Mayıs ve haziran aylarında sağımına başlanan arı sütü, ilaç ve kozmetik sektörünün vazgeçilmezleri arasında yer alıyor.
Eylül ayına kadar hasadı devam eden arı sütü, kovanlardan çıkartılmaya başlandı.
Vücuttaki ölü hücreleri canlandırdığı düşünülen arı sütü, anne-baba olmak isteyen çiftlerin tercihlerinin başında geliyor.
Özel kaşık kullanılarak, metal ile temas ettirilmeden renkli cam kaplara aktarılan arı sütü, bekletilmeden özel dondurucularda muhafaza ediliyor.

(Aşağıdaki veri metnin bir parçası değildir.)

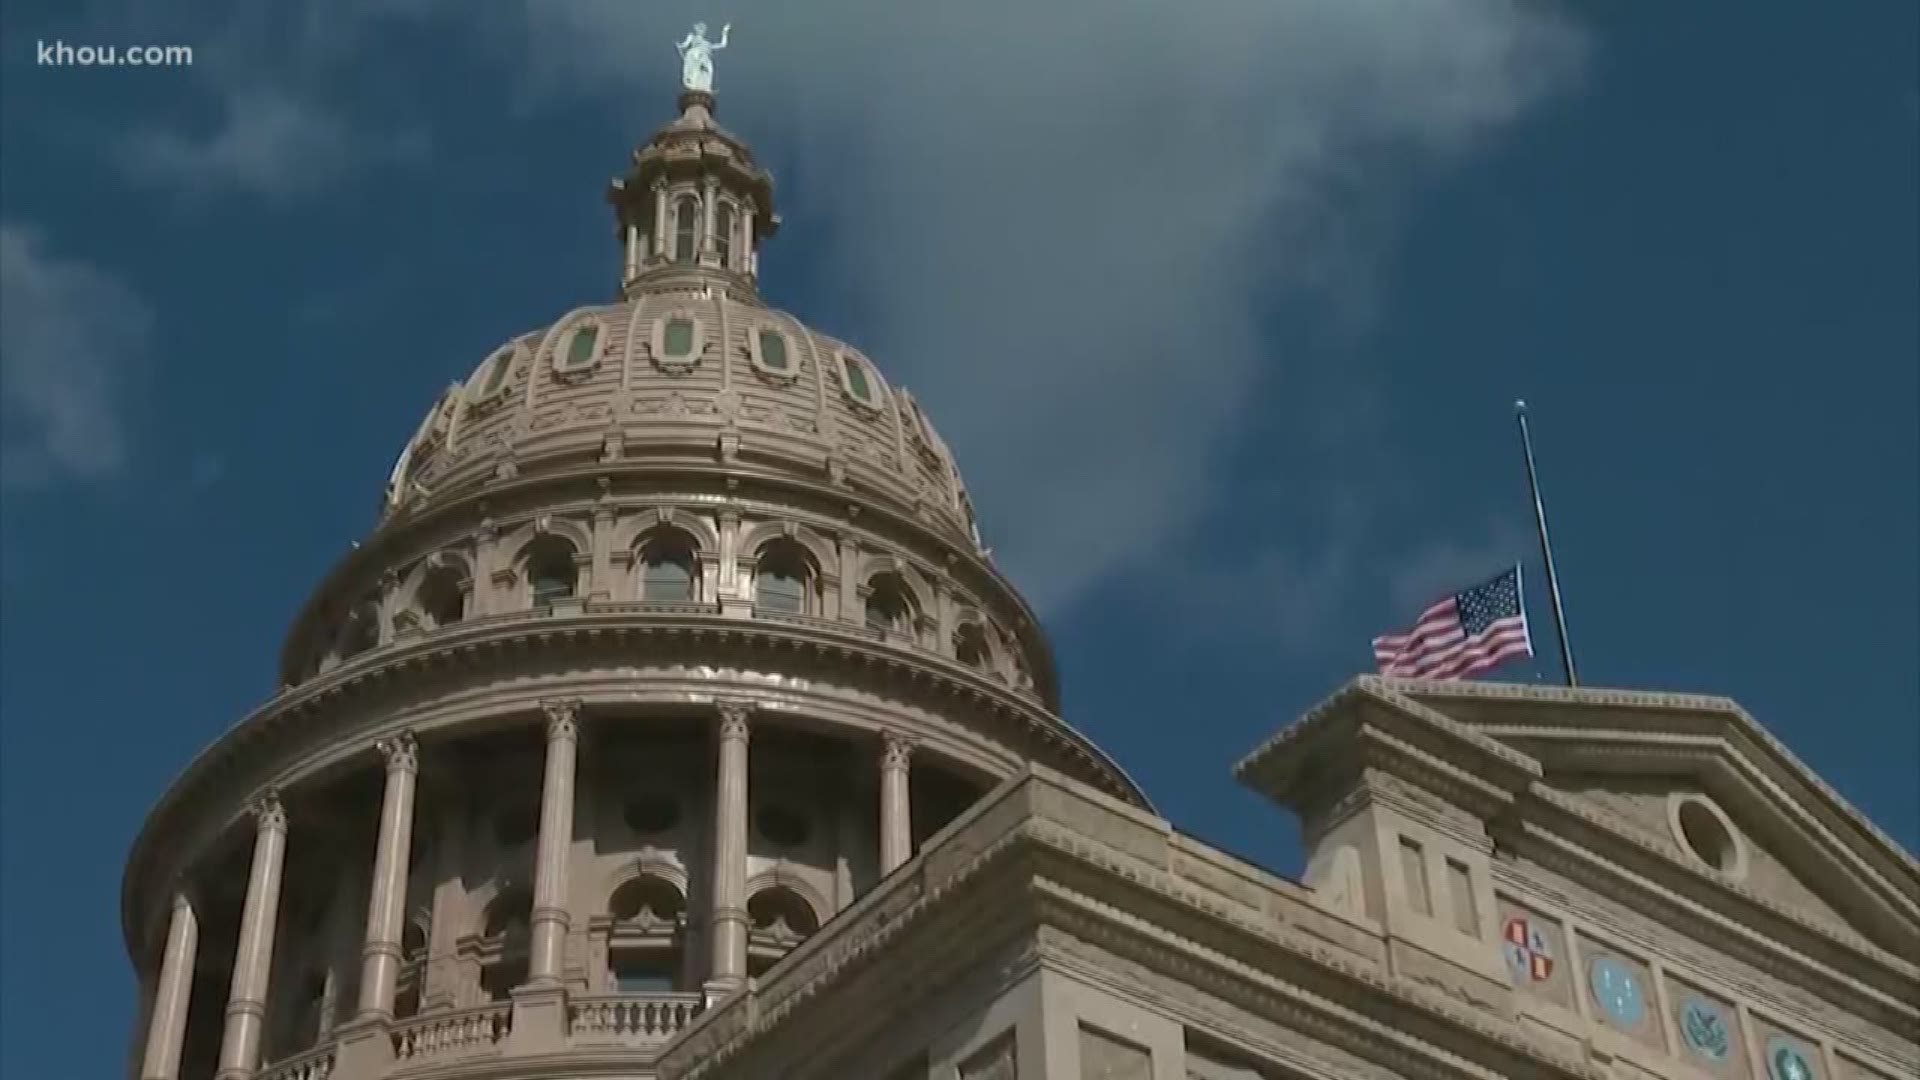 The Texas Senate voted to advance a property tax bill reform bill. It would force cities and counties to get voter approval to raise property taxes more than 3.5 percent over the previous year.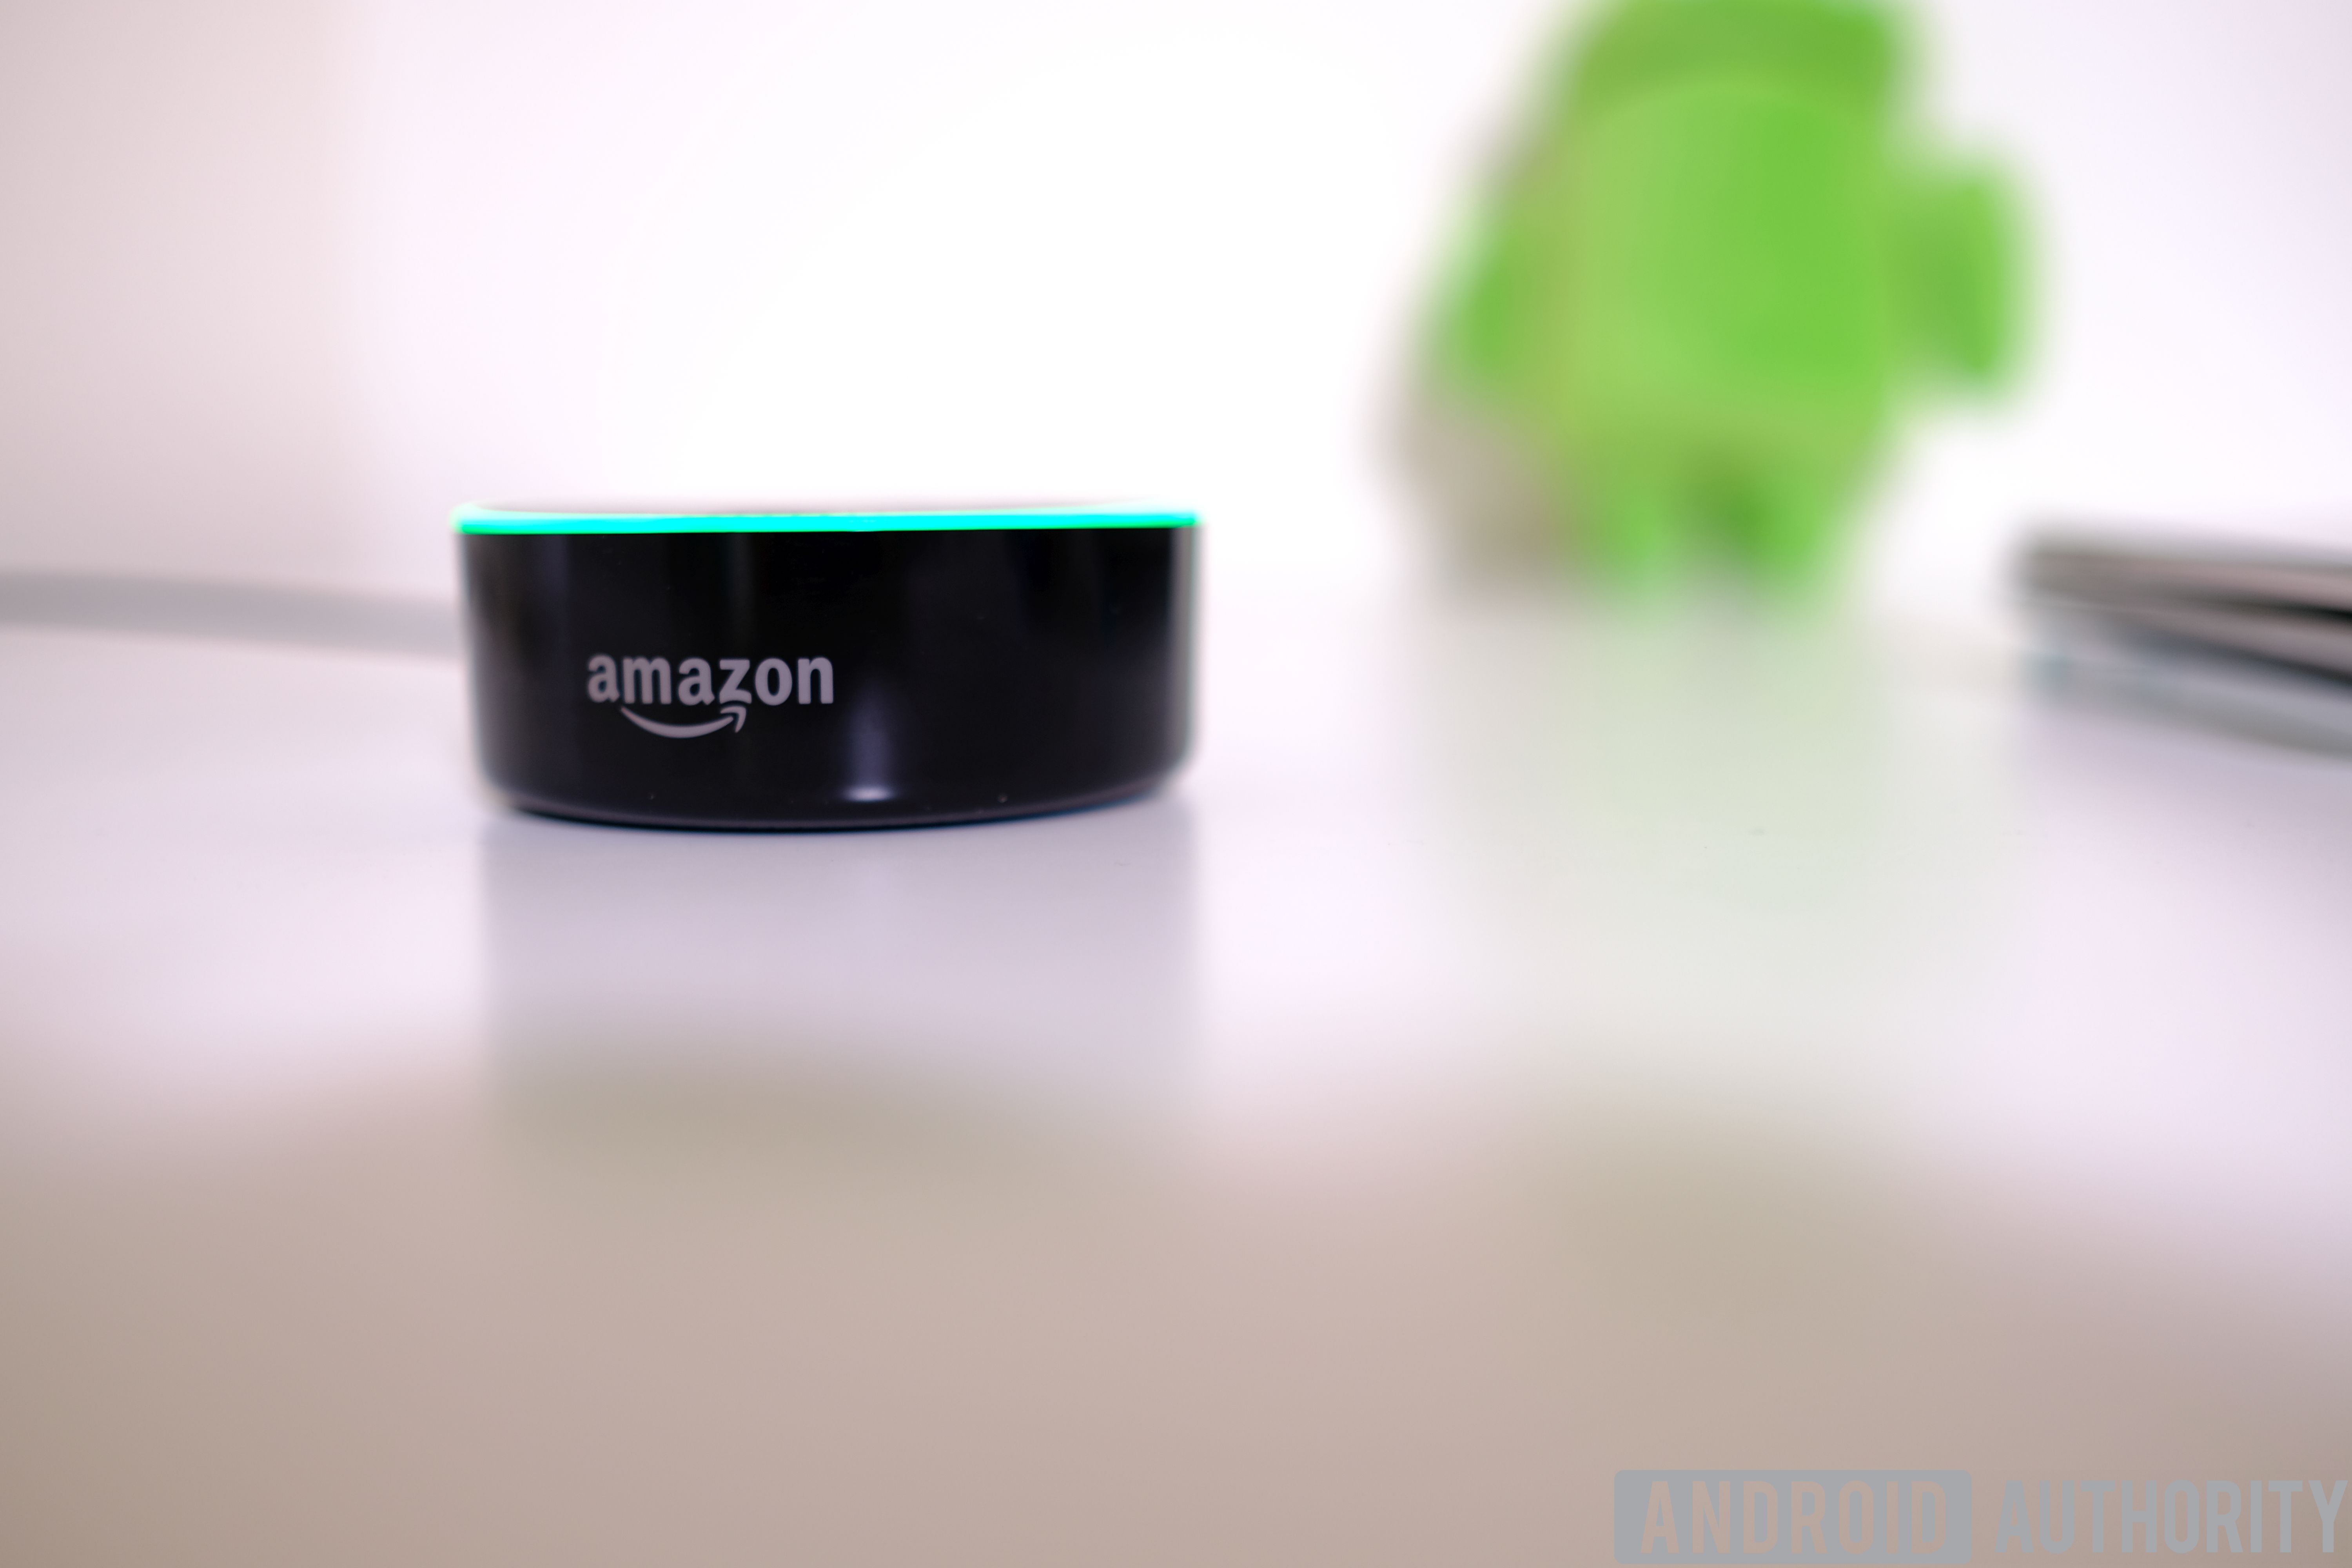 Amazon Echo Dot from the side focused

Değerini her geçen gün katlayan arı sütünün gramı 15, kilosu ise 15 bin TL’den satışa sunuluyor.
Bal, propolis ve polenden daha fazla gelir sağlayan arı sütü, arıcılıkla ilgilenenler için önemli bir kazanç kapısı olarak görülüyor.
Pahalı olmasına rağmen rağbeti olan arı sütü, kovandan çıkar çıkmaz satılıyor.
“10 kilodan 150 bin TL gelir elde etmeyi umuyoruz”
İHA’nın haberine göre; Samsun’da arıcılık yapan Gültekin Bozkurt, her yıl daha fazla arı sütü ürettiğine dikkat çekerek, “4 yıldır arı sütü üretiyorum. İlk başladığımda yılda yarım kilo arı sütü ürettim. Geçen yıl 6 kilo üretim yaptım ve bu yıl da 10 kilo arı sütü üretmeyi hedefliyorum. Geçen yıl 6 kilo arı sütünden 60 bin TL gelir sağladım. Bu yıl da 10 kilo arı sütünden 150 bin TL gelir elde etmeyi umuyoruz.
Arı sütünü satmakta bir sıkıntı yaşamıyoruz. Günlük arı sütü alımı yapıyoruz. Aldığımız sütler haftalık birikmiyor. Aldığımız sütler 1 hafta içerisinde satılıyor. Türkiye genelinde gönderim yapıyoruz. Bağışıklığı düşük olanlar, çocuk düşünen çiftler, kanser hastaları arı sütüne rağbet gösteriyor.” dedi.
“Korona döneminde rağbet gördü”
Arı sütünün önemi hakkında bilgiler de veren Bozkurt, şunları söyledi:
“Arı sütü korona salgını döneminde oldukça rağbet gördü. Uzmanlar arı sütünün bağışıklık sisteminin güçlenmesine yardım ettiğini, kolesterole, kalbe, tansiyona ve cilt güzelliğine iyi geldiğini belirtiyor. Arı sütünün faydasına arılar üzerinde örnek verirsek; işçi arılar yazın 45 gün hayatta kalıyorlar. Ana arı ise arı sütü ile beslendiği için 7 yıl yaşıyor.
Ana arı sadece arı sütü ile besleniyor. Polen ya da bal ile beslenmiyor. Bu da yaşam ömrünü oldukça uzatıyor. Karadeniz’de arıcılar genelde sadece bal üretimi için arıcılık yapıyor. Polen, propolis ve arı sütü gibi ürünleri pek üretmiyor.
Benim gibi Karadeniz’de arı sütü üreten pek arıcı yok. Ben de süt üreterek öncü olmaya çalışıyorum. Öte yandan, arı sütünün geliri de çok güzel. Ben hem ana arı yetiştiriyorum hem de arı sütü üretiyorum. Bu da bize ilave bir ek gelir oluyor.”